This exercise calls for the data below to be retyped exactly, minus any images.

Given data:
==*==

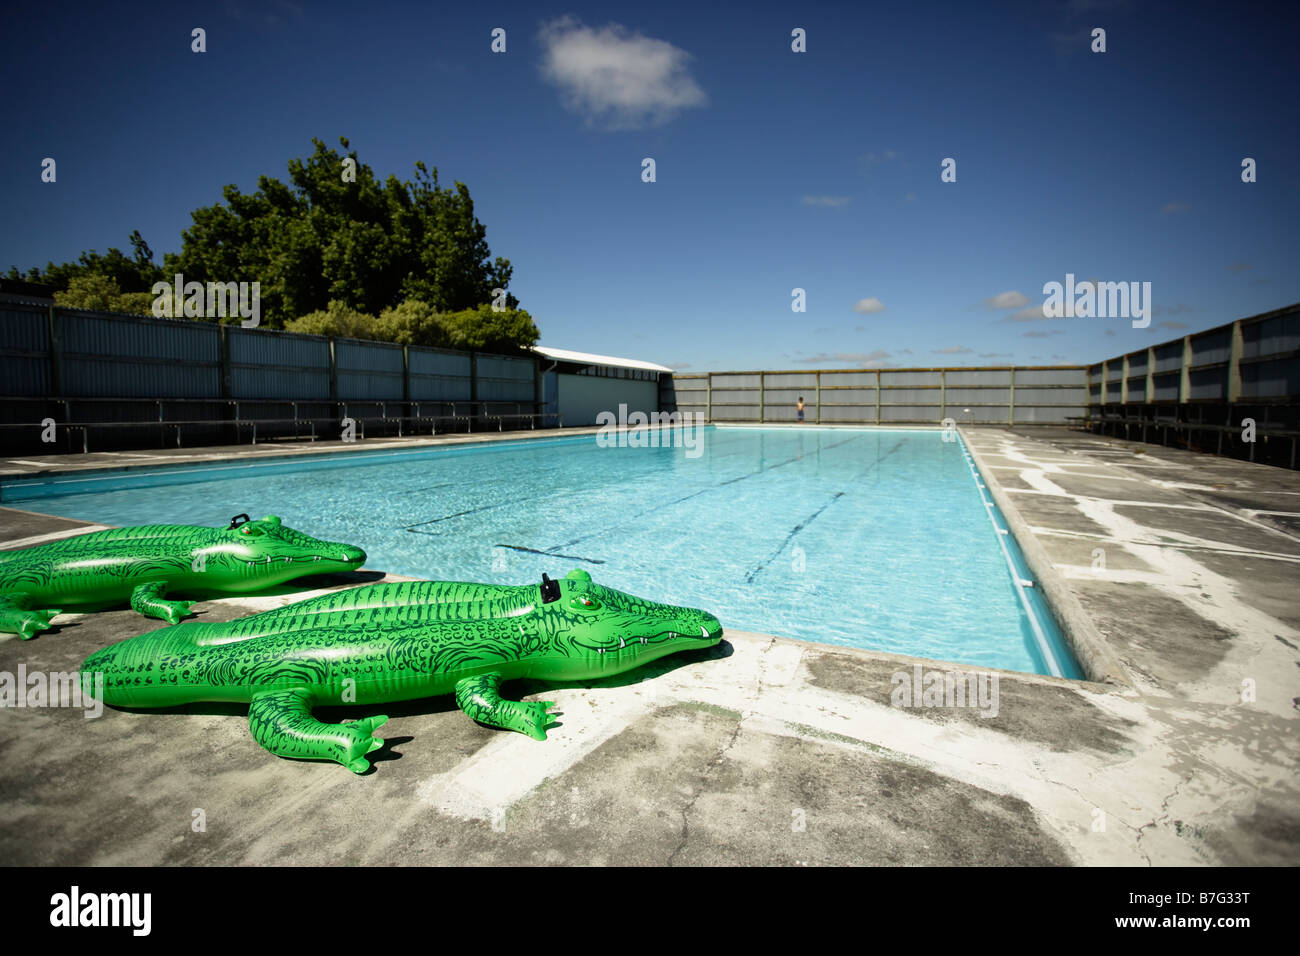 Crocodile gonflable à la piscine Banque D'Images
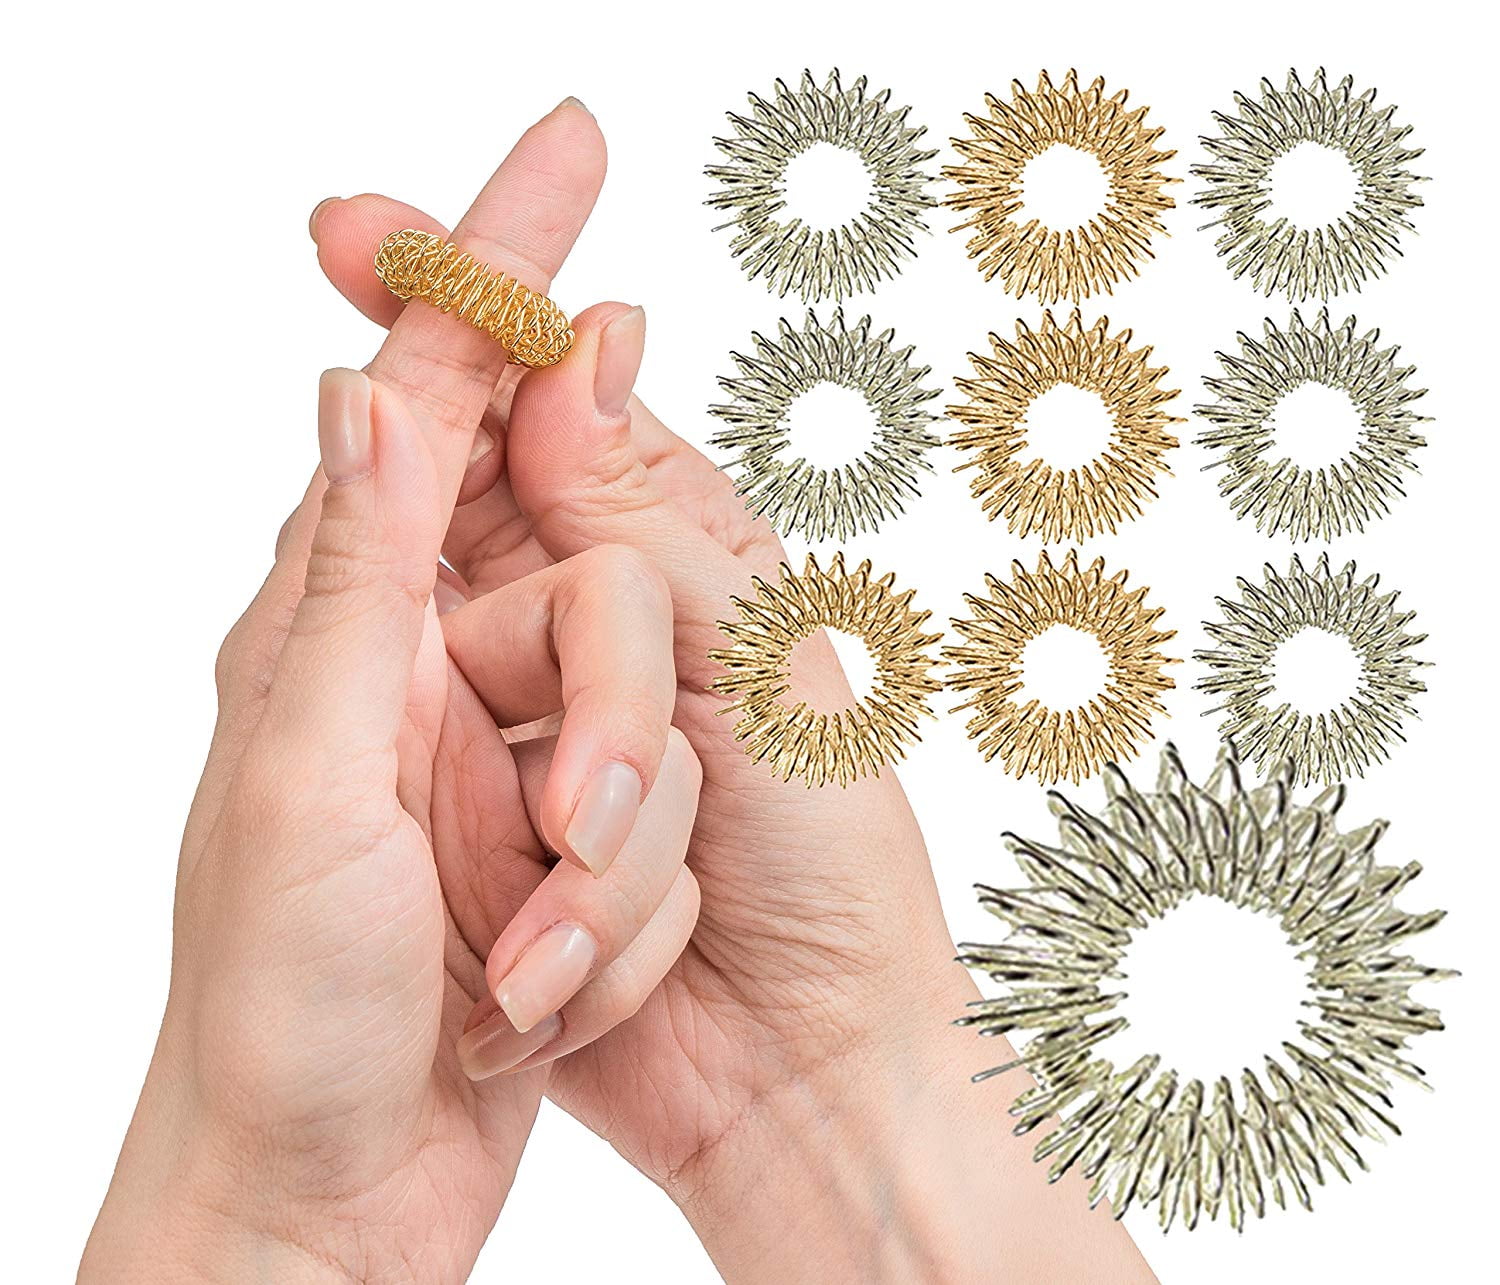 5x Finger Massage Rings Spiky Sensory Hand Fingers Acupressure Massager Ring NEW 
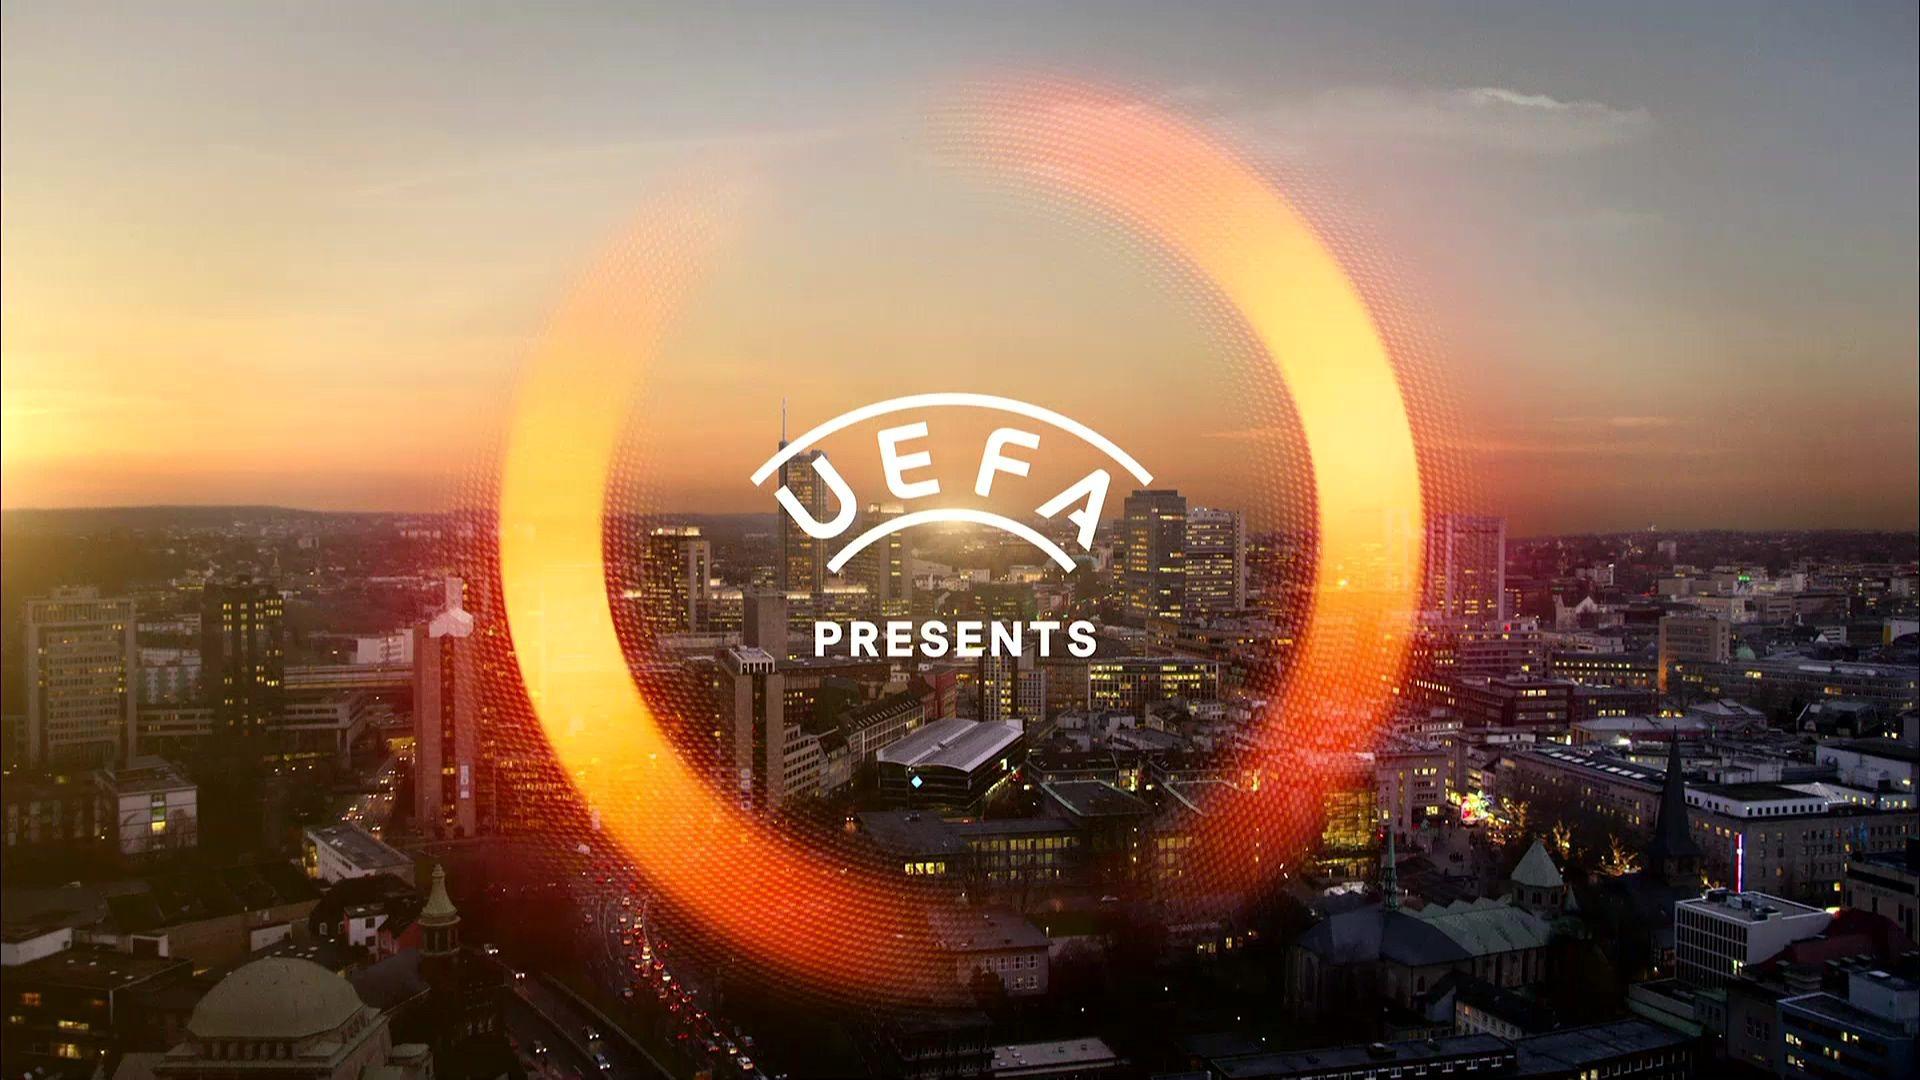 FUTBOL: UEFA Europa League Highlights 05 2017

==*==

Worked solution:
 Crocodile gonflable à la piscine Banque D'Images
 5x Finger Massage Rings Spiky Sensory Hand Fingers Acupressure Massager Ring NEW 
 FUTBOL: UEFA Europa League Highlights 05 2017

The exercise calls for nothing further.